The new ECHA CHEM database has been released by ECHA, and it now contains all REACH registration data. There are more details on the transition of ECHA's published data to ECHA CHEM here.

Diss Factsheets

Administrative data

Workers - Hazard via inhalation route

Systemic effects

Long term exposure
Hazard assessment conclusion:
DNEL (Derived No Effect Level)
Value:
0.8 mg/m³
Most sensitive endpoint:
repeated dose toxicity
Acute/short term exposure
Hazard assessment conclusion:
no hazard identified
DNEL related information

Local effects

Long term exposure
Hazard assessment conclusion:
no hazard identified
Acute/short term exposure
Hazard assessment conclusion:
no hazard identified
DNEL related information

Workers - Hazard via dermal route

Systemic effects

Long term exposure
Hazard assessment conclusion:
DNEL (Derived No Effect Level)
Value:
0.114 mg/kg bw/day
Most sensitive endpoint:
repeated dose toxicity
Acute/short term exposure
Hazard assessment conclusion:
no hazard identified
DNEL related information

Local effects

Long term exposure
Hazard assessment conclusion:
no hazard identified
Acute/short term exposure
Hazard assessment conclusion:
no hazard identified

Workers - Hazard for the eyes

Local effects

Hazard assessment conclusion:
medium hazard (no threshold derived)

Additional information - workers

General considerations

Inhalation exposure is the most relevant route for assessing occupational risk in humans. Based on the physicochemical properties of DCDPS and the large differences in operational temperature, two distinct forms of inhalation exposure need to be addressed:

·       Exposure to a vapour at operational temperatures above the melting point (149°C) and

·       Exposure to a poorly soluble dust at ambient temperatures. Vapour exposure at ambient temperatures is negligible due to the extremely low vapour pressure of 1.5 * 10 -5 Pa at 25 °C.
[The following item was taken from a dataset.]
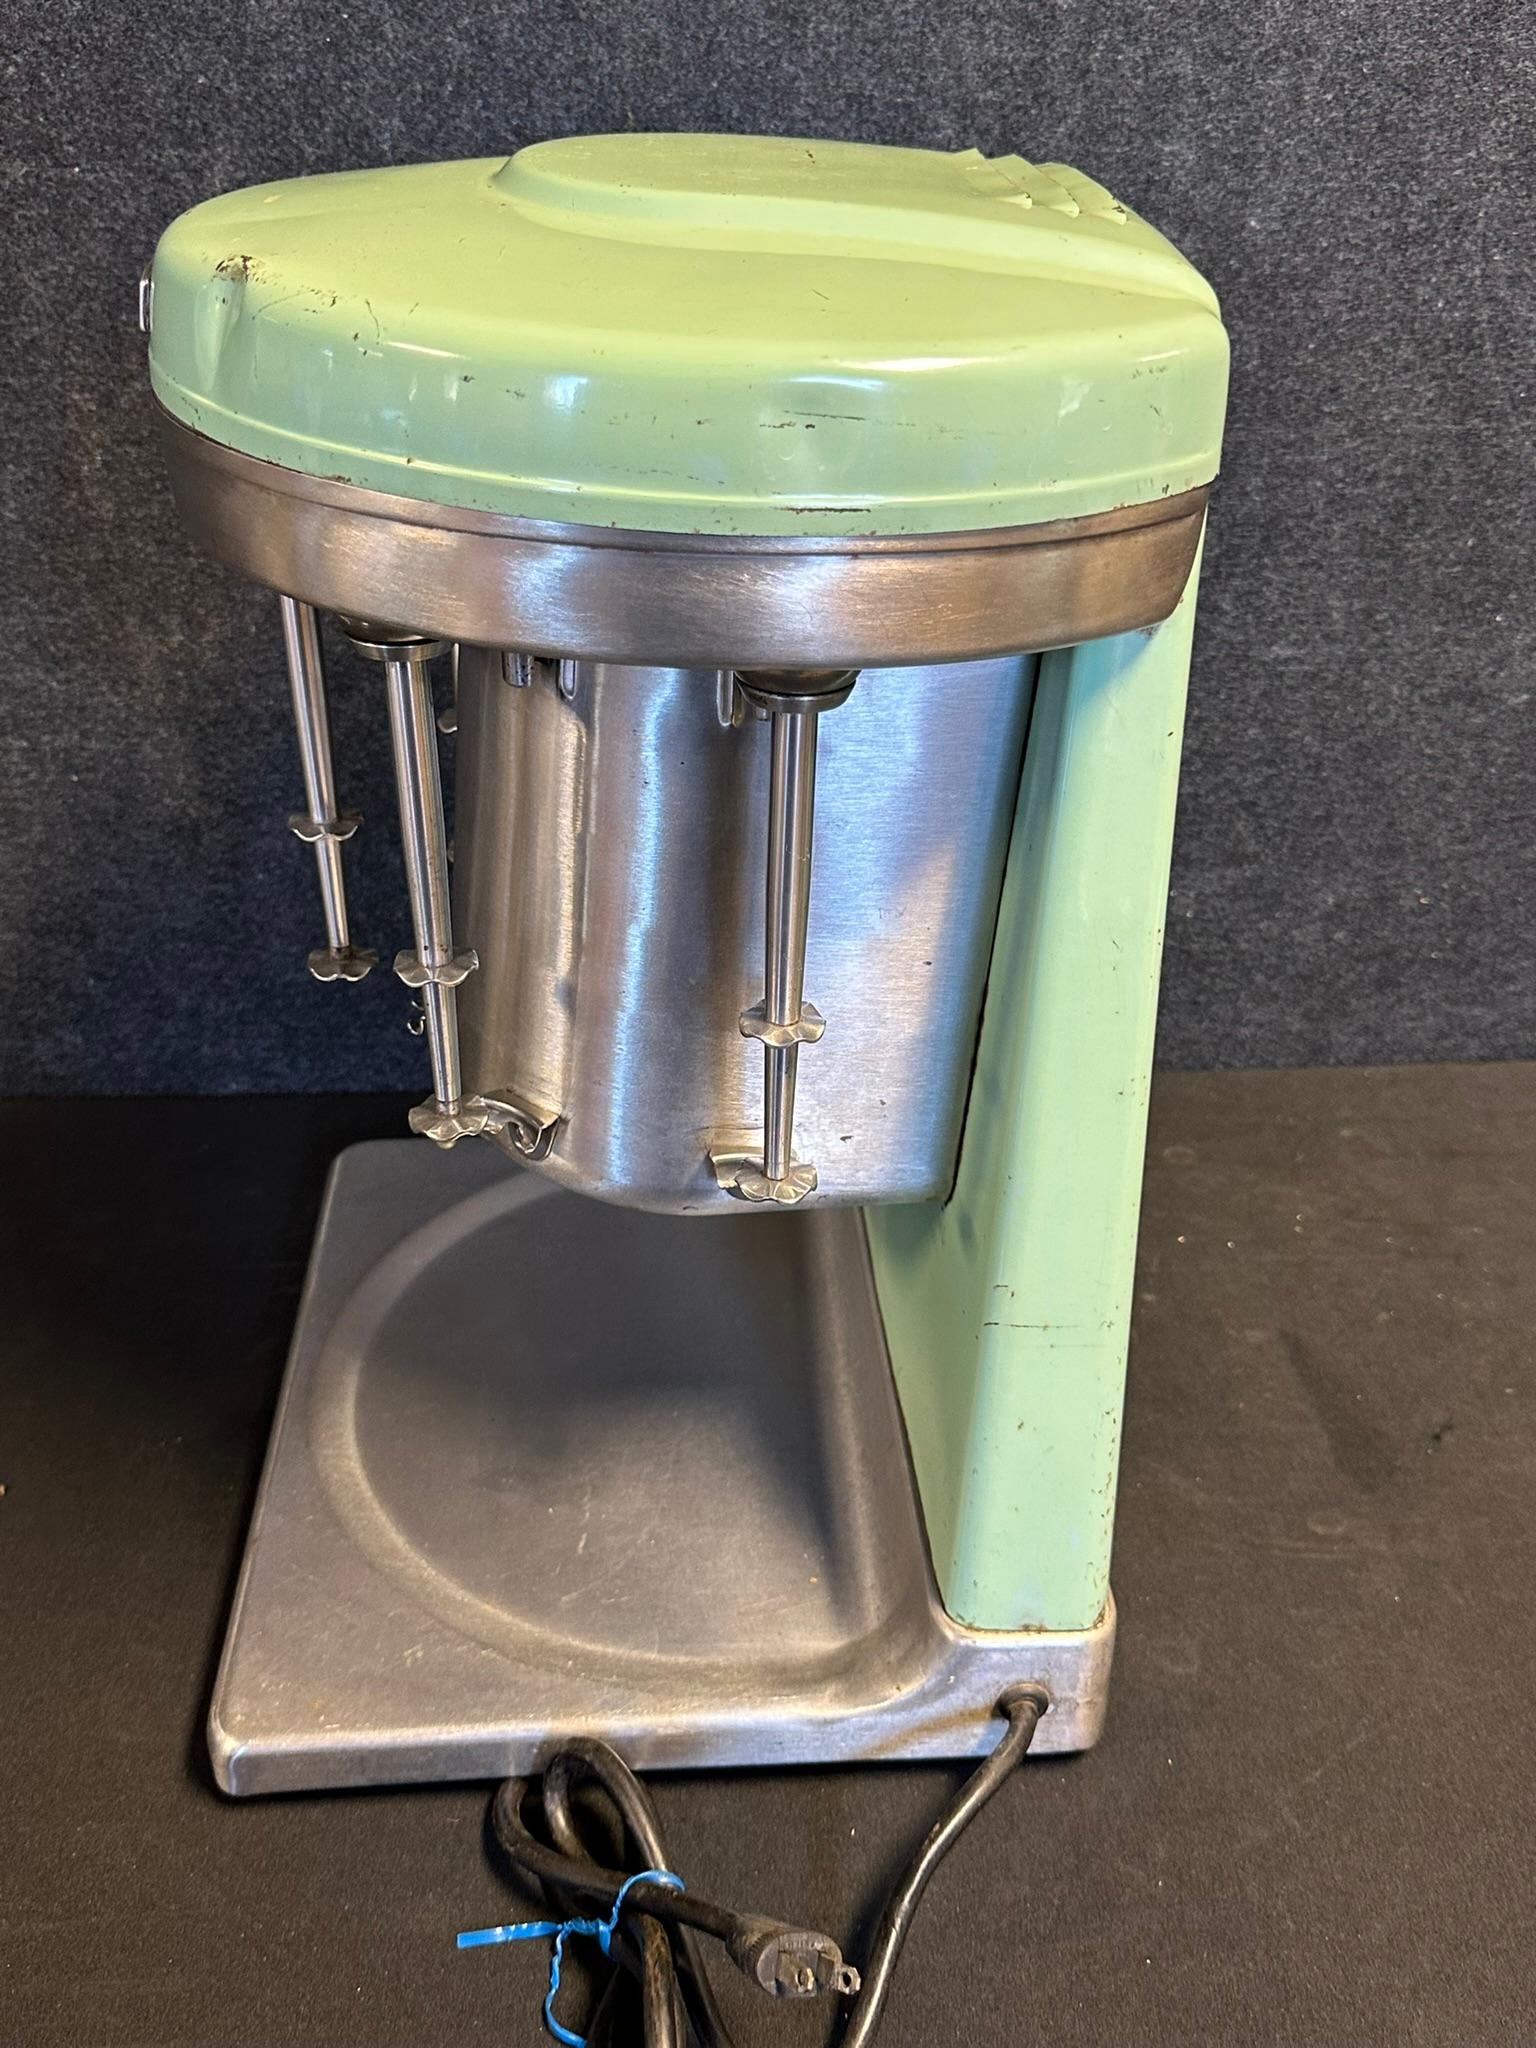 Vintage Soda Shoppe Jadeite Green 5 Unit Multimixer Malt Shake Mixign Machine by Prince Castle Model

An extrapolation of the local effects on the respiratory tract due to chronic inhalation of particulate matter can be made based on the derivation of the German MAK-value for insoluble and poorly soluble dusts:

·       4 mg/m³ for the inhalable fraction (total dust)
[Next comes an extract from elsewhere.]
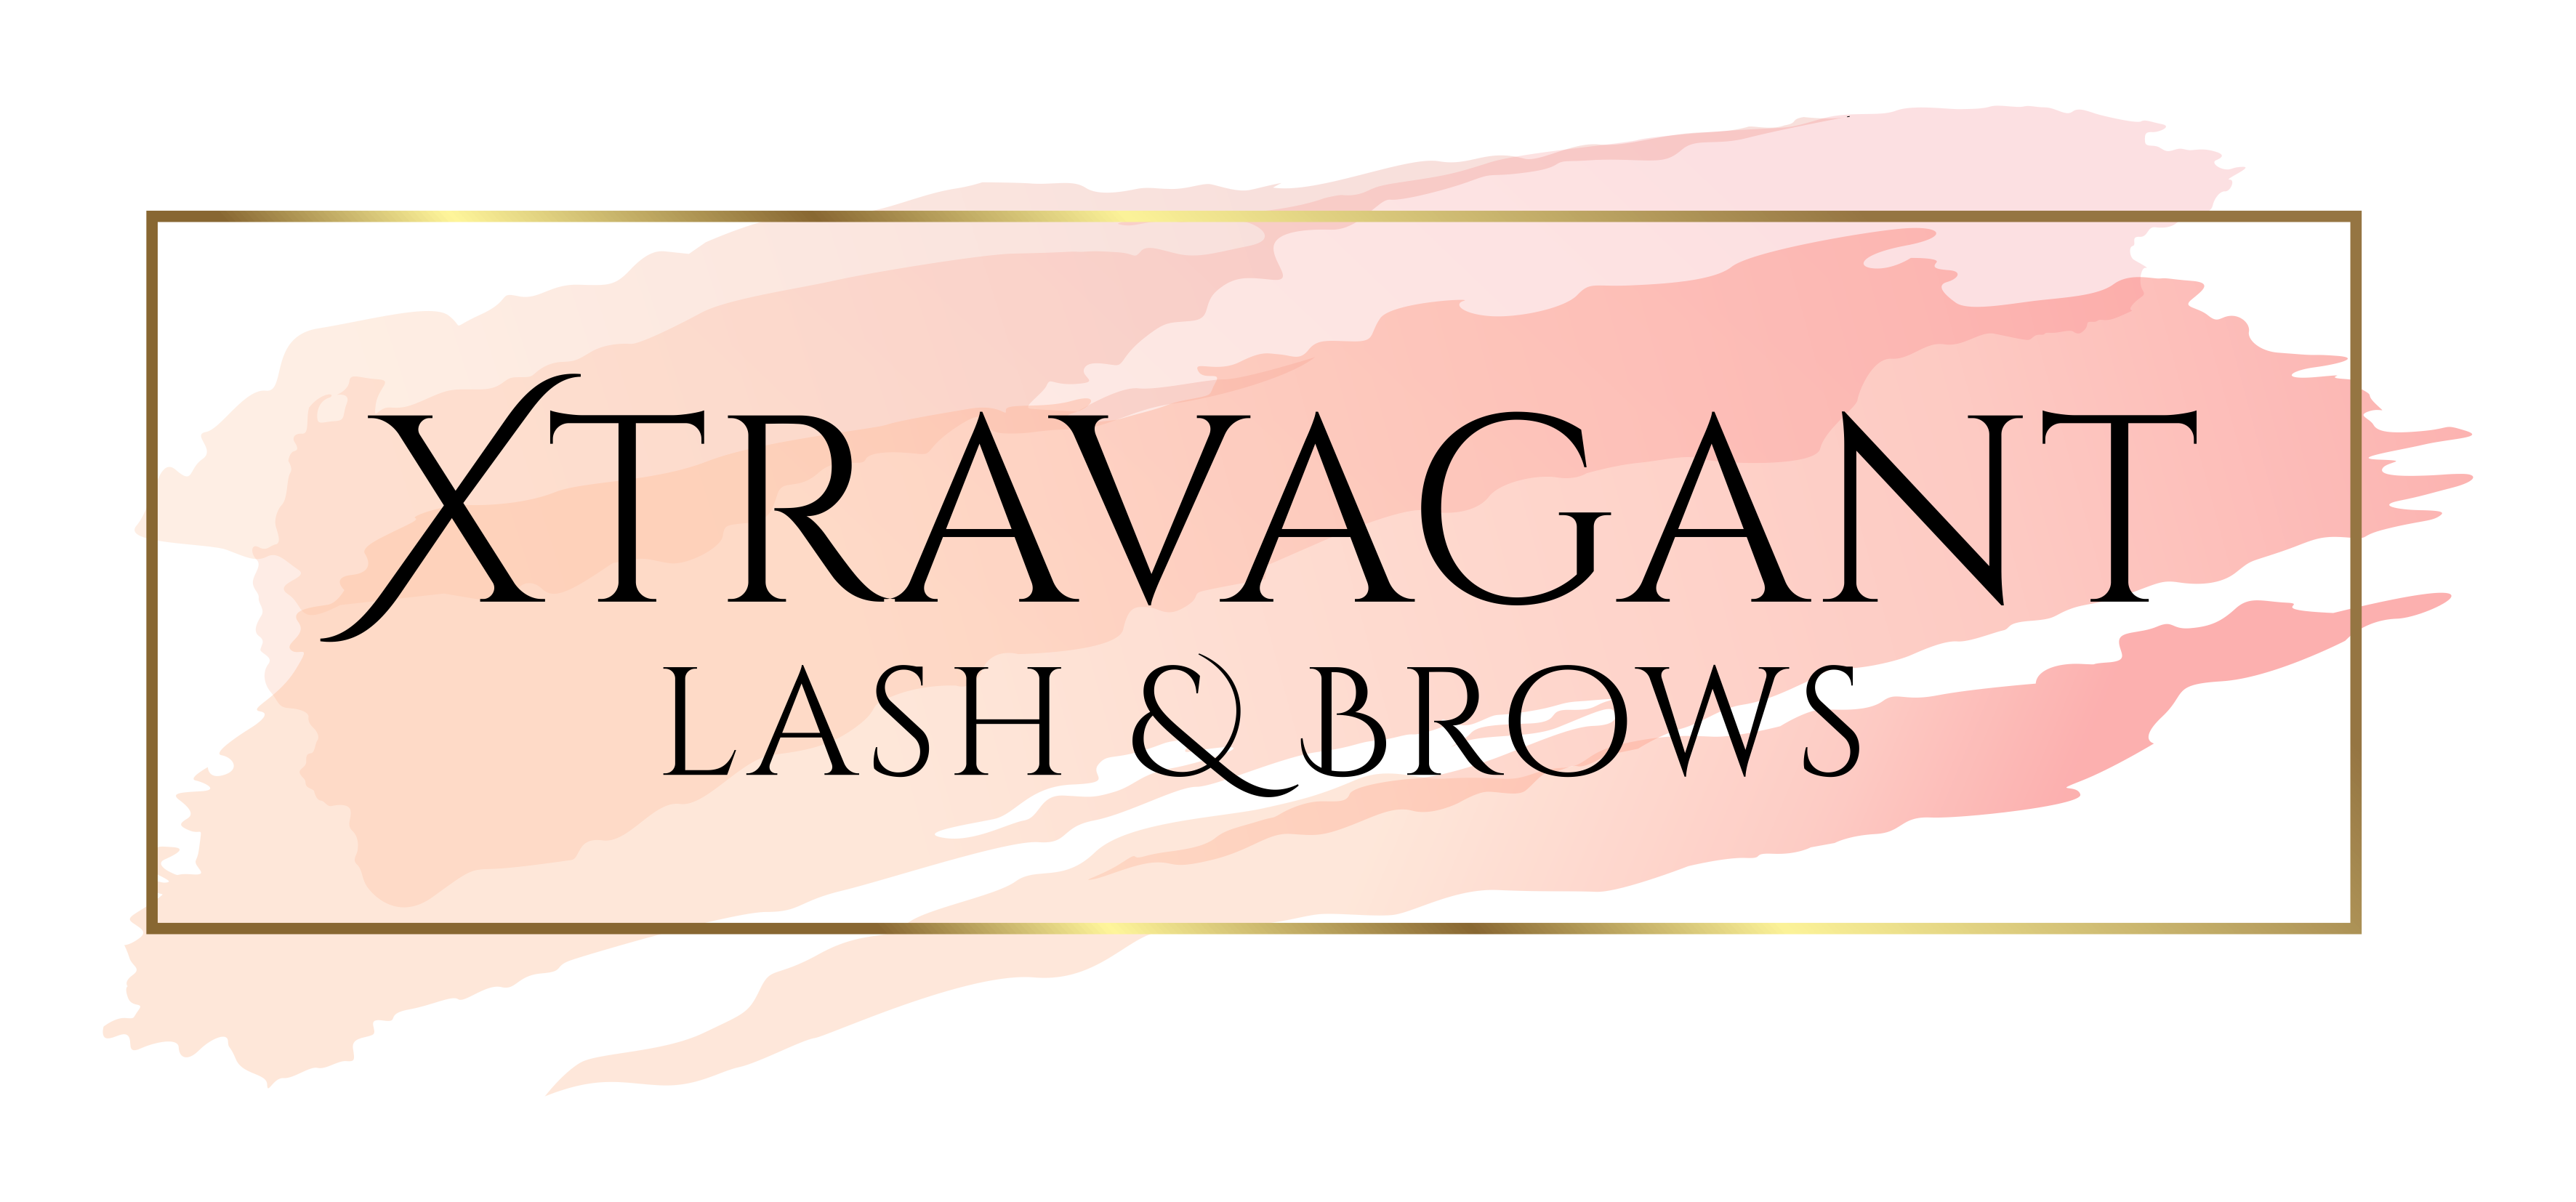 Xtravagant Lash & Brow

·       1.5 mg/m³ for the alveolar/respirable fraction (fine dust)

The derivation was based on an initial epidemiological cross-sectional study taking into account collectives totalling about 13000 persons exposed to various kinds and amounts of dust and the composition of the dusts (DFG 1975).

These MAK values are intended to prevent from unspecific effects which all insoluble and poorly soluble dusts can produce in the respiratory organs, effects such as impairment of airway clearance by overloading, chronic inflammatory changes in the bronchial mucosa and obstructive ventilation disorders.
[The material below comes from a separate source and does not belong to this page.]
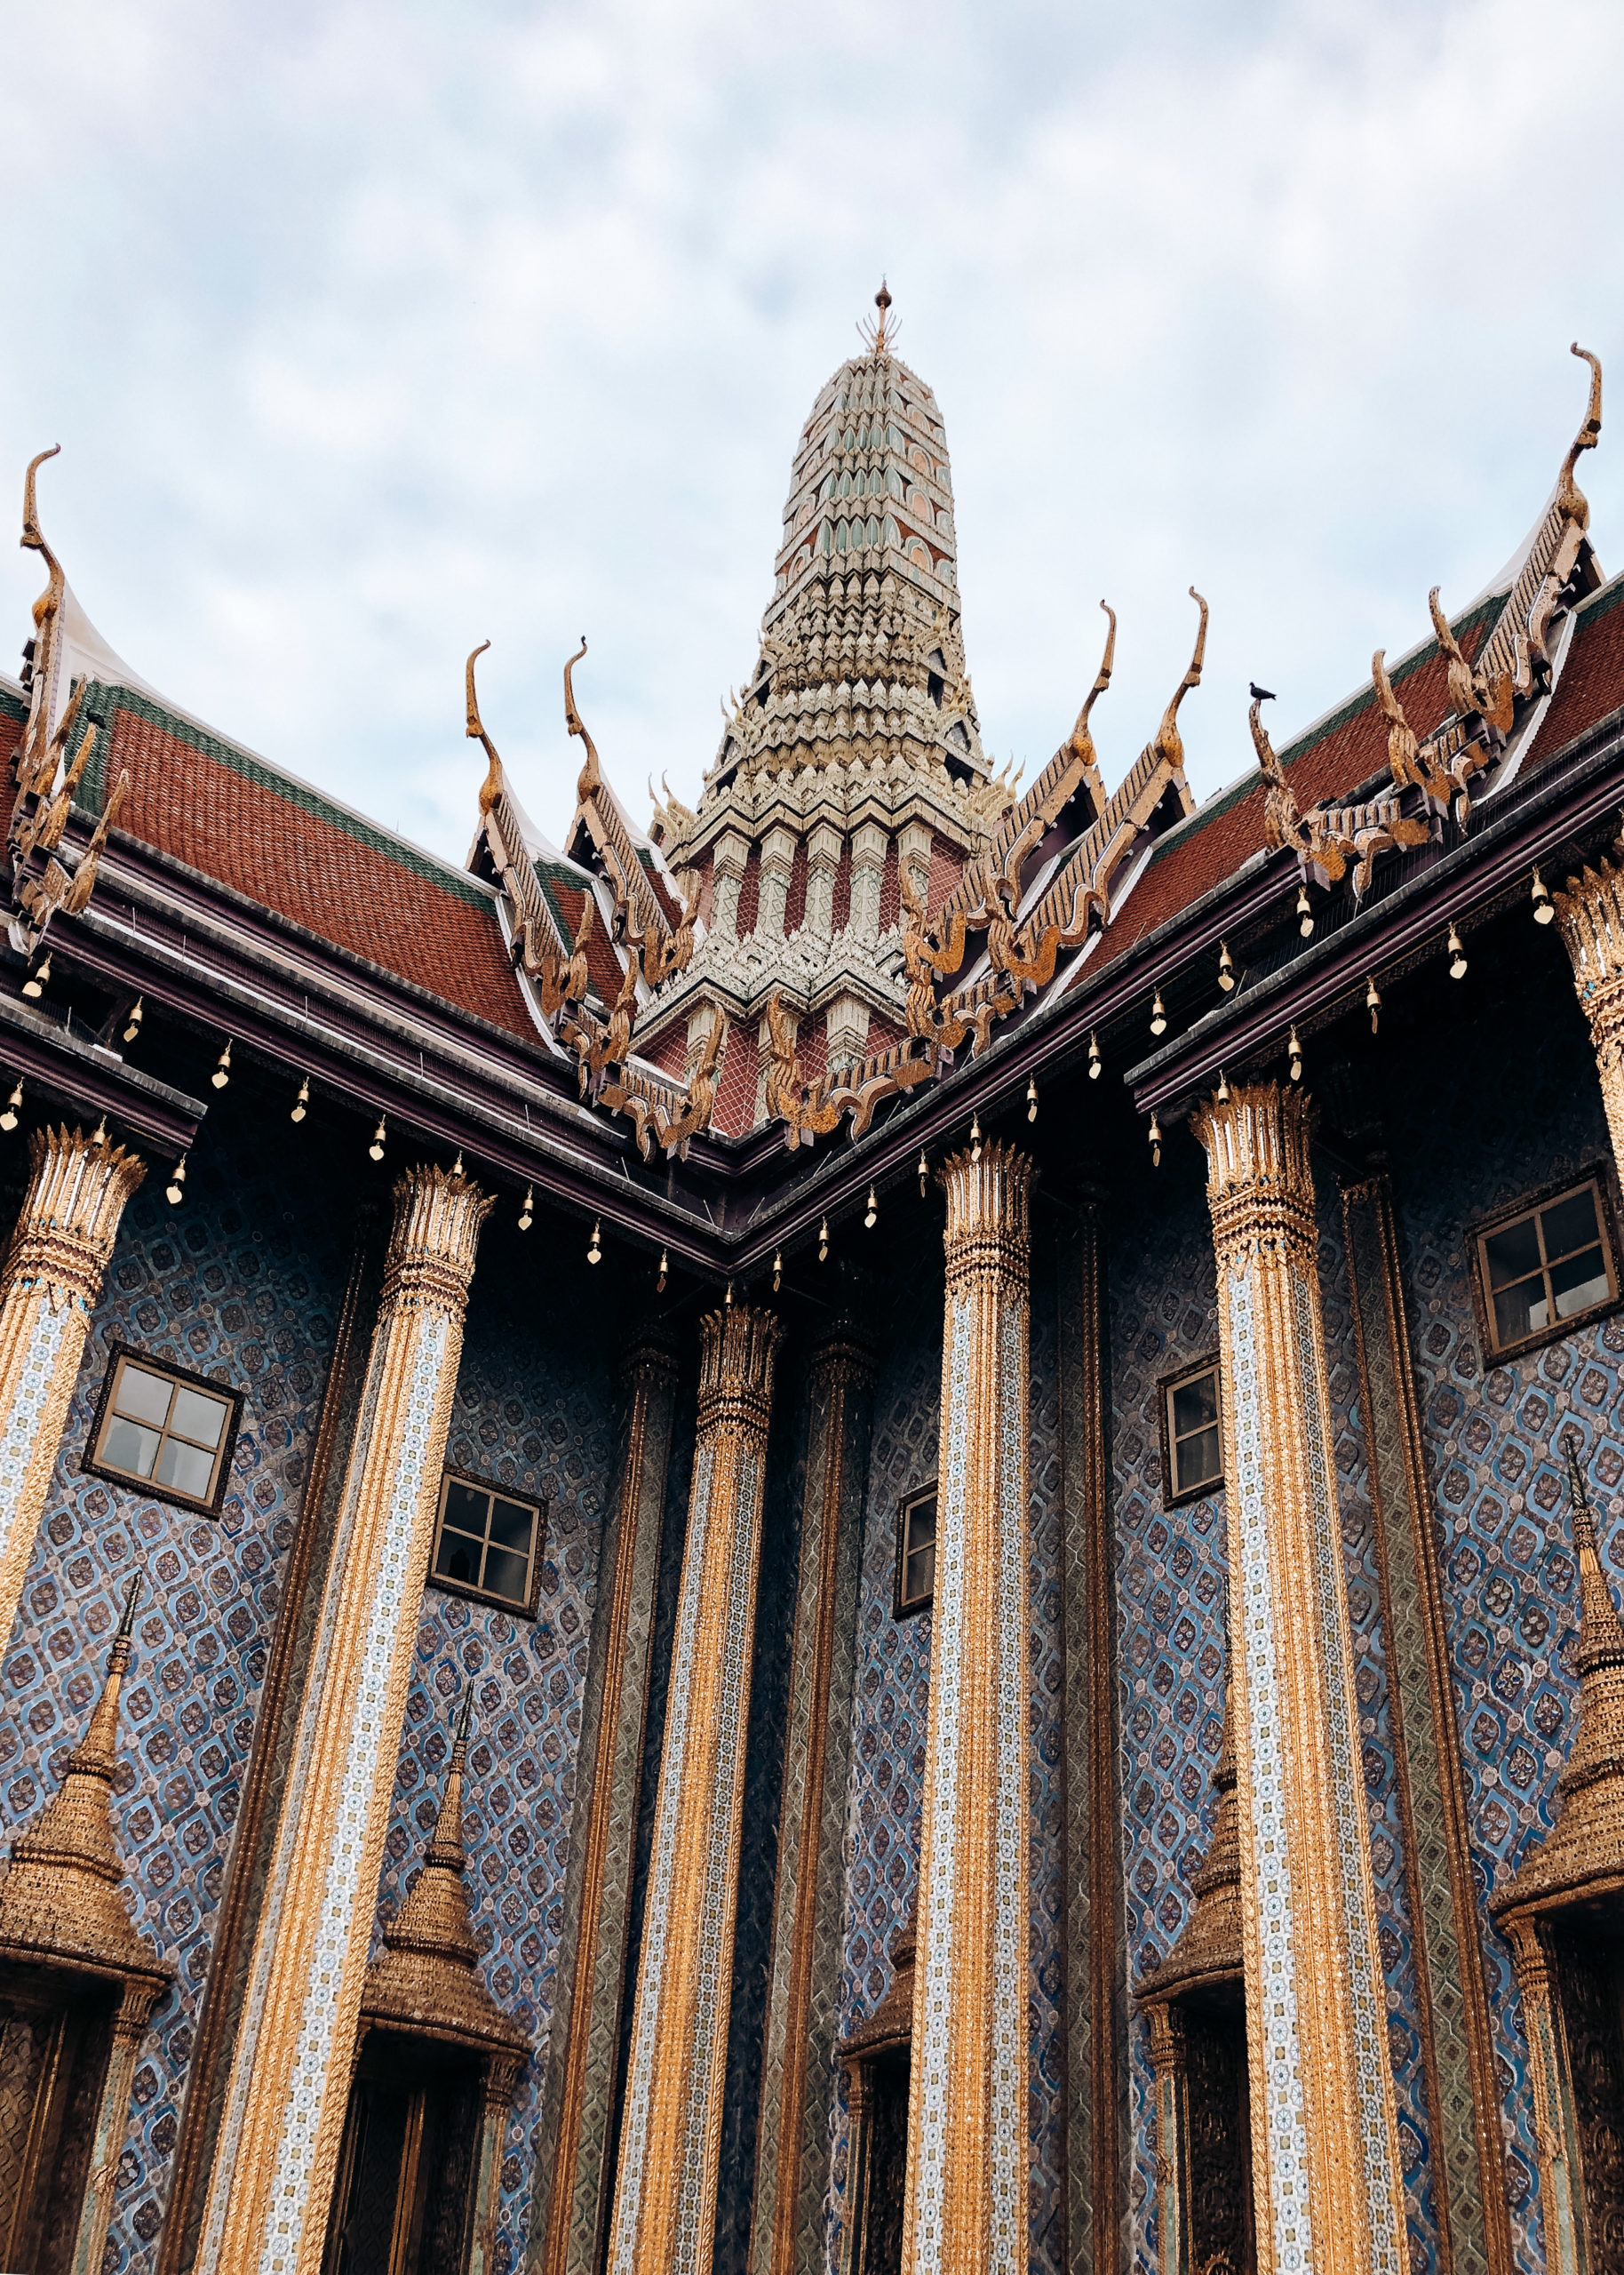 Wat Phra Kaew (temple du bouddha d’emeraude – Palais Royal) Bangkok Thailande

This value can be applied together with a substance specific OEL based on systemic effects.

In case of DCDPS chronic bronchial reaction (CBR) parameters do not apply for all types of dust toxicity. Additionally bioavailability due to a minor dissolution in the bronchoalveolar liquid (water solubility: 0.86 mg/L at 20°C) and due to oral ingestion following retrograde mucociliary transport in the respiratory tract need to be considered with respect to systemic toxicity.

A worker inspires only part of the total dust in his breathing zone (inspirable fraction) which is governed by the flow rates into the nose and mouth. The transport and deposition of a DCDPS dust in the respiratory passages can be estimated by the aerodynamic diameter of the particles. The median aerodynamic diameter (d 0.5) of solid DCDPS is 238 µm. The particle size distribution is steep with only < 8% of the total particles within the size of the inhalable fraction (<100 µm) and none within the size of the respirable fraction (<10 µm).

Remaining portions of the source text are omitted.